Los Angelenos Get out of their Cars, Into the Streets ...and Onto the Trains

Air Date: Week of

Stephanie O'Neill reports on how the earthquake's destruction of Los Angeles highways has car owners turning to public transportation in record numbers. Cynics say the trend will last only until the roads are rebuilt, but proponents of the city's new Metrolink rail system are more optimistic.

Transcript

CURWOOD: The major earthquake that rocked the Los Angeles region last month has forced a change that many believed was impossible. It got Angelinos out of their cars. Broken highways and agonizingly long commutes have made many city residents more receptive to official calls for carpooling and riding mass transit. But as Stephanie O'Neill reports from LA, it may not last.

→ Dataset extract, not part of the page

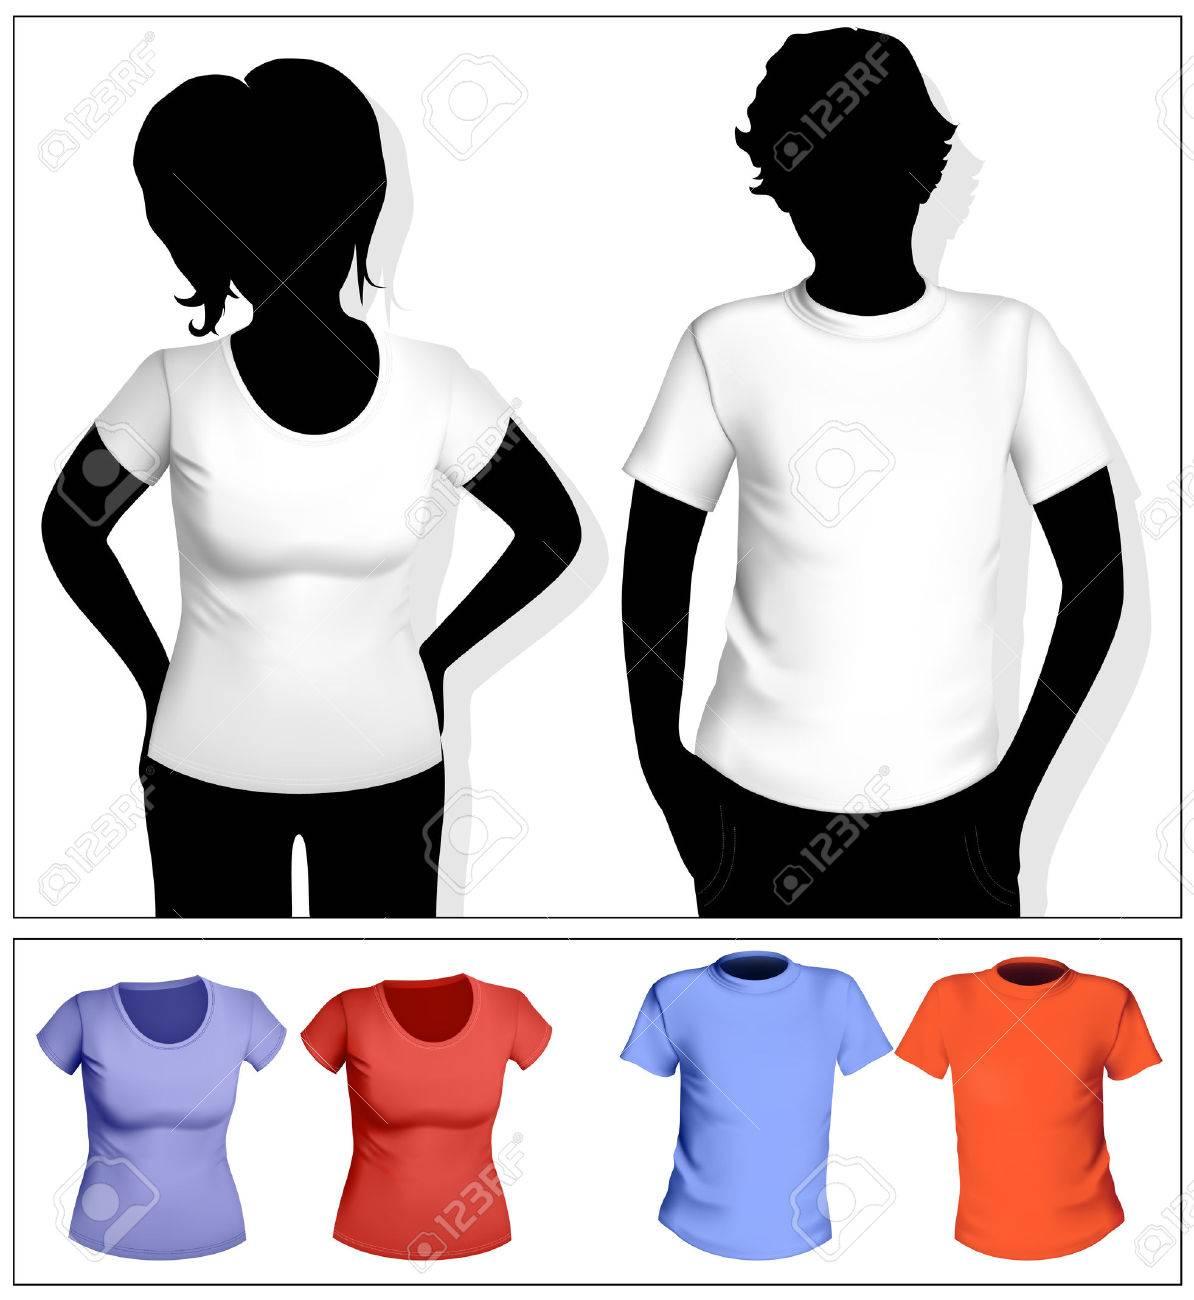 Zazzle T Shirt Template ✓ Istriku T Shirt

O'NEILL: Here at the California Transportation Agency's Traffic Management Center in downtown Los Angeles, the slow crawl of freeway traffic shows up on a huge lighted map of the region. The congestion has grown worse over the years. The transportation officials have had little success in their long-term attempt to change LA's solo commuting habit. The more than $2 billion spent so far for a new light rail and subway service had attracted few riders. An effort to encourage ridesharing had fallen flat, and carpool lanes were ditched long ago. But the violent earthquake that knocked out portions of the central roadways may be changing that. Within days of the quake officials, with the support of grateful commuters, brought back carpool lanes, added new bus lines, and rerouted traffic around broken freeways. But the drive is still bad. Along the most heavily-traveled routes, commutes that used to take a half hour are taking three, and those who can get off the roads are doing so in record numbers. Franklin White is the Metropolitan Transportation Authority chief.

WHITE: The most important change that has occurred is that the commuters from long distances on the affected routes have decided, if they can't get there on the highway, will get there on the train.

O'NEILL: The new Metrolink commuter rail line is just over a year old. Two days after the quake, White implemented a $100 million crash program that extended the line 75 miles north of Los Angeles, added 4 new stations with 3 more on slate for February, and created new parking spaces for the glut of commuters. The Antelope Valley Freeway collapse affected some 200,000 drivers from the Santa Clarita area, making that Metrolink station among the most popular places in town.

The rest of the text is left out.